The net loss in this quarter was $323,538, compared with net loss of $562,926 in the corresponding period in 2007. Our gross profit margin improved this quarter and we have reduced costs in payroll and in selling and distribution.
Both the US and Canadian economies have deteriorated affected by the surging energy costs and the sub-prime mortgage melt down. Although we are cautiously optimistic that our licensed products will improve sales in the ensuing year as new products lines are introduced, we believe sales in the other consumer electronics categories will continue to suffer because of adverse economic conditions.

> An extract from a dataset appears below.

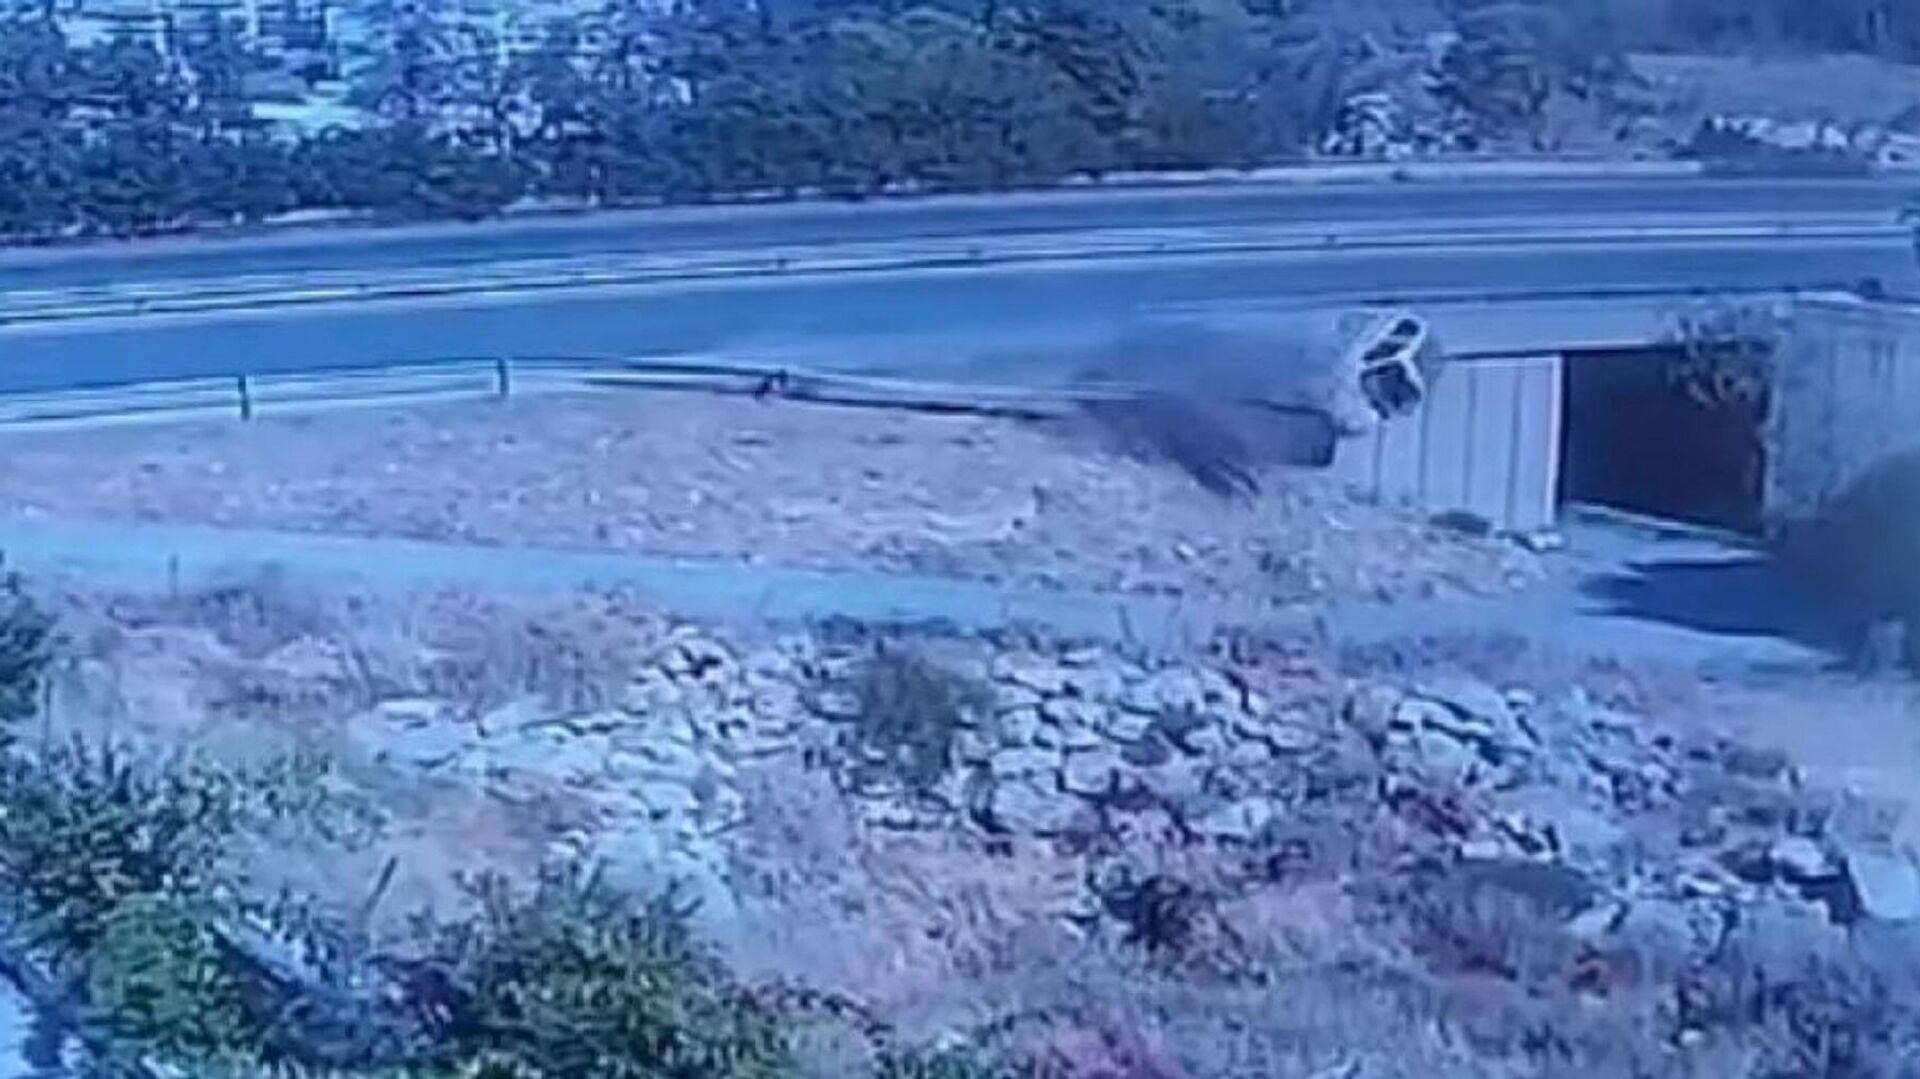 Κάμερα κατέγραψε το θανατηφόρο τροχαίο στην Κρήτη - Sputnik Ελλάδα, 1920, 12.10.2021

Liquidity and Capital Resources
During the three months ended June 30, 2008, net cash provided by operating activities was $525,728. The ratio of current assets to current liabilities was 1.21 to 1, as compared to 1.26 to 1 on March 31, 2008. The main source of our working capital during this quarter came from collecting our trade receivables and financing from vendor payable including $913,000 from our parent company, the Starlight Group. Our ratio of current assets to current liabilities is consistent with the prior year and reflective of our normal operating activities by having to maintain high levels of inventory on hand to operate our domestic sales activities in the United States.
During the next quarter, we plan on financing our operation mainly from our parent company, the Starlight group. We also expect our vendors will continue to support us in financing our inventory.
Seasonal and Quarterly Results
Historically, our operations have been seasonal, with the highest net sales occurring in the second and third quarters (reflecting increased orders for electronic audio and video equipment during the Christmas selling months) and to a lesser extent the first and fourth quarters of the fiscal year. The current trend is we will receive less direct import orders and more domestic sales orders from our customers. The effect of this is timing of placing orders will be delayed. Our results of operations often fluctuate from quarter to quarter as a result of the amount and timing of orders placed and shipped to customers, as well as other factors. The fulfillment of orders can therefore significantly affect results of operations on a quarter-to-quarter basis.
Inflation
Inflation has not had a significant impact on the Company's operations. The Company has historically passed any price increases on to its customers since prices charged by the Company are generally not fixed by long-term contracts.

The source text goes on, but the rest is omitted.